E’ la maledizione dell’ – inemendabile? – vizio d’origine di una dirigenza normata – in evidente distonia con la generale disciplina contenuta nel d.lgs. 29/93, come novellato dalla legge 59/97 – da una fonte abusiva e tracimante, nella sostanza frutto della riformulazione dell’articolo 32 del contratto nazionale di lavoro del comparto scuola, sottoscritto il 4 agosto 1995, in un assetto ordinamentale pre-autonomistico e all’epoca comprendente i presidi e i direttori didattici, ma non più gli ispettori tecnici, uscitine nel 1989 dopo l’acquisizione della qualifica dirigenziale, per essere collocati nell’area prima dei dirigenti ministeriali. Contratto che ha preteso – riuscendovi – di creare una distinta area della specifica dirigenza scolastica nell’ambito del comparto scuola, non assimilabile alla dirigenza (la generale dirigenza pubblica, inclusi i già ispettori scolastici) regolata dal d.lgs. 29/93.

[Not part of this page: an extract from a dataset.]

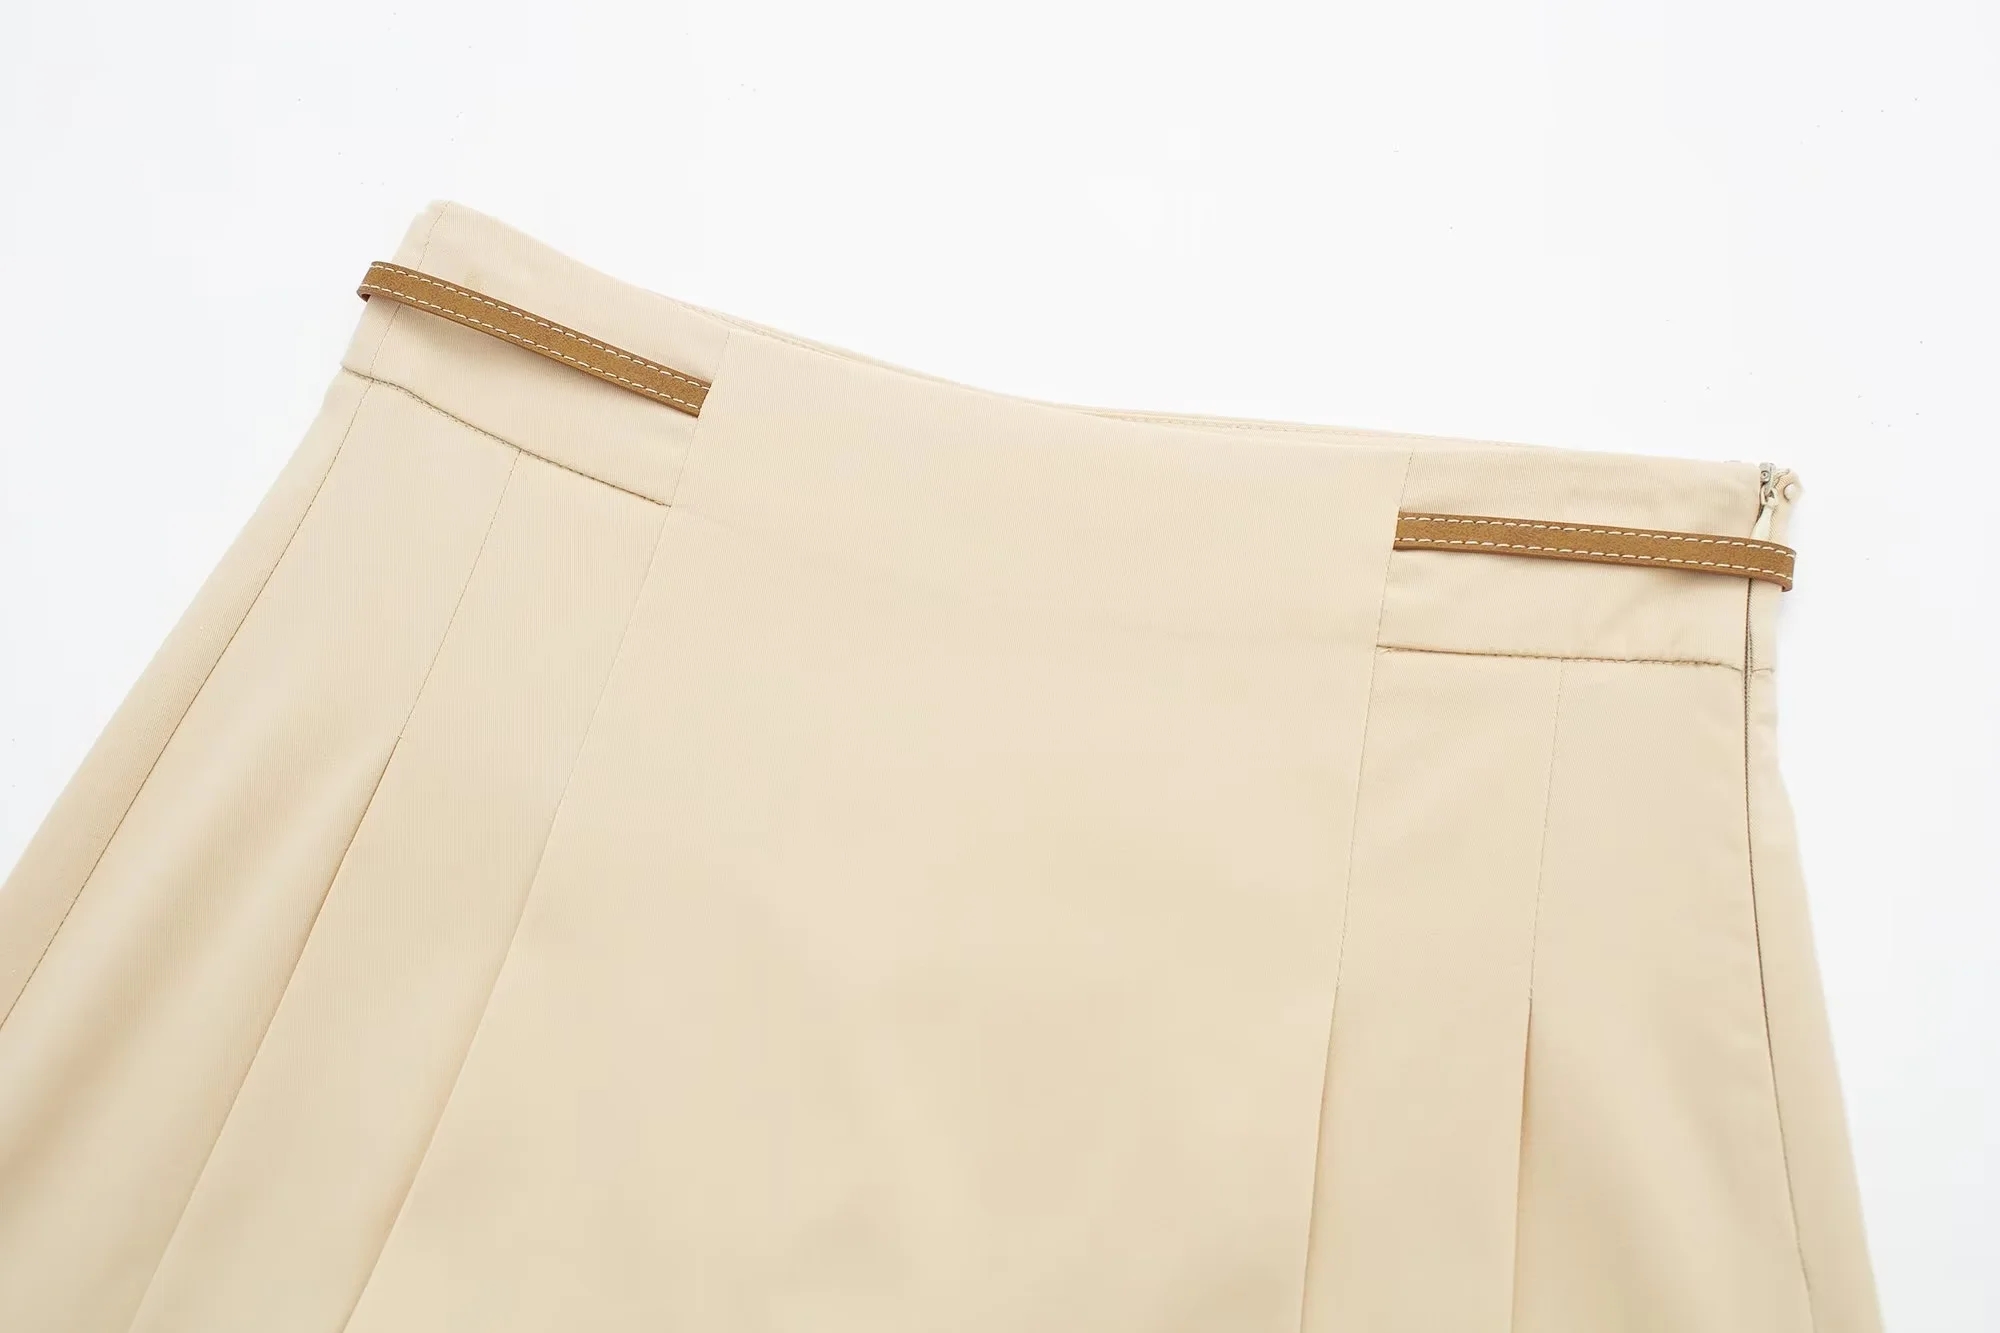 Fashion Cream Color Blended Wide Pleated Culottes,Shorts

Dovremmo pertanto farcene una ragione, come direbbe il nostro Presidente del consiglio?

Ma sempre in nostro Presidente del consiglio, che in cima al suo programma di governo ha posto il valore strategico della scuola e ha affermato che i docenti (estensivamente, crediamo, i professionisti che vi operano) hanno stipendi ridicoli o quasi, dovrebbe essere sensibile anche alle ragioni della sua dirigenza: che non domanda privilegi bensì equità, semplicemente non volendo permanere nel suo status di figlia di un dio minore.

Non sarebbe quindi da escludersi che la ministra Madia, nell’impostare la sua riforma, abbia voluto riservarsi un trattamento migliore per una dirigenza che produce cultura, formazione, uomini e cittadini; mentre la dirigenza normale produce pratiche, carte e provvedimenti amministrativi.

Le chiederemo, perciò, un incontro ufficiale e urgente per saperlo dalla sua viva voce, sebbene – ancor prima – dovremmo chiederlo alla sua collega Giannini, che nelle irrefrenabili quotidiane dichiarazioni all’universo mondo dei mass media non ha mai speso una sola parola sulla dirigenza scolastica.

E ci piacerebbe essere affiancati, e sostenuti, sia dai sindacati del comparto scuola, ai quali la categoria ha attribuito la maggioranza assoluta della propria rappresentanza, sia dal sindacato più autorevole e, relativamente, più rappresentativo della dirigenza scolastica. O, almeno, ci aspettiamo che battano un colpo.